14 Deep Facts About “The Hunt for Red October”

Eric D Snider and Mental_Floss present 14 Deep Facts About The Hunt for Red October. Here are three of my favorites…
1. Even though the novel had been a bestseller, nobody wanted to make the movie.
Tom Clancy’s book is a complicated story with a lot of technical jargon, which made Hollywood executives antsy. It also made the movie hard to summarize. “In Hollywood, because of time constraints, very few people in a position to say yes to a project like this read the book,” admitted producer Mace Neufeld. “They generally read the reader’s report. [And] this book doesn’t condense well into two or three pages.” Neufeld got the project off the ground by getting a Paramount executive to read the novel—not just the book report—and see for himself how cinematic it could be.

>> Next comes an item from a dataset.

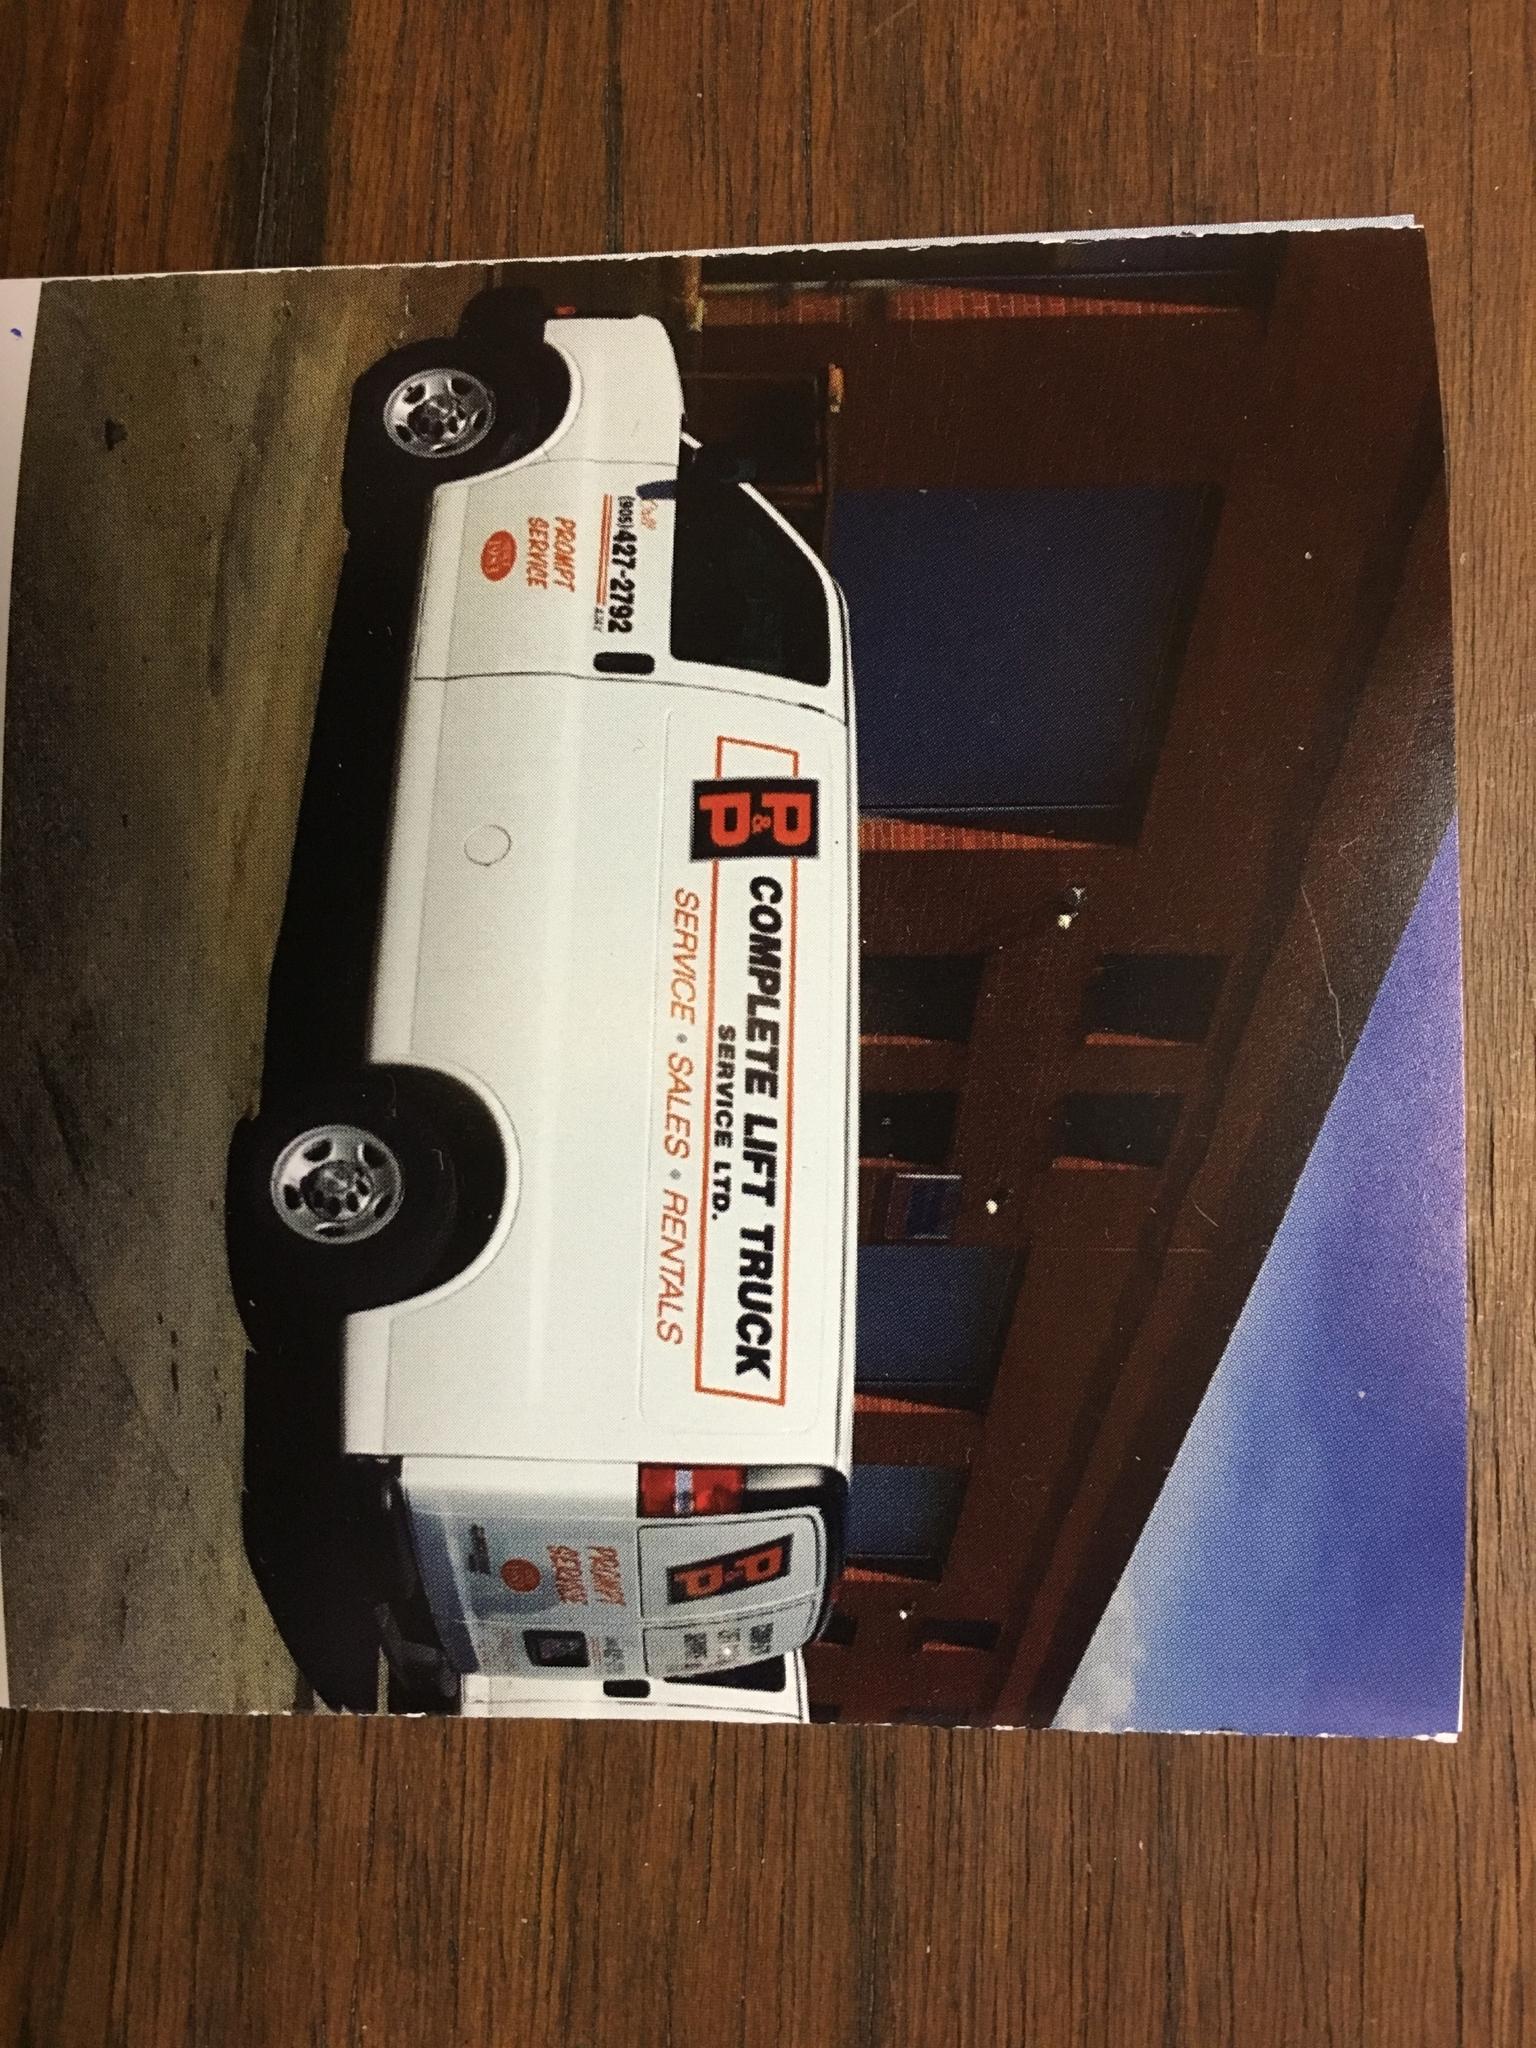 P & P Complete Lift Truck Service Ltd in Ajax

3. Sean Connery was a last-minute replacement.
The film had been under production for two weeks when word came that Klaus Maria Brandauer (Out of Africa), the Austrian actor who’d been signed to play the rogue Soviet sub commander Marko Ramius, couldn’t do it after all because of a prior commitment. Connery took the part instead, needing only one day for rehearsal. Coincidentally, he and Brandauer had acted together in 1983’s Never Say Never Again and would reunite again for 1990’s The Russia House, which was shot shortly after The Hunt for Red October.
9. Alec Baldwin wanted to return for the sequels but was edged out when Paramount learned they could get Harrison Ford.
It’s complicated, and there are at least two sides to every story, but here’s the gist: While negotiations with Baldwin were still ongoing, Paramount allegedly offered the part to Ford, who was a bigger box office draw and to whom the studio owed money anyway because of a previous project that had fallen through. Baldwin had been dithering over the specifics of his deal, and now a Paramount executive used that indecision to force his hand: either commit right now to an open-ended contract for Patriot Games and whatever came next, or the offer would be withdrawn. Not wanting to give up a chance to appear in A Streetcar Named Desire on Broadway, Baldwin left Jack Ryan behind.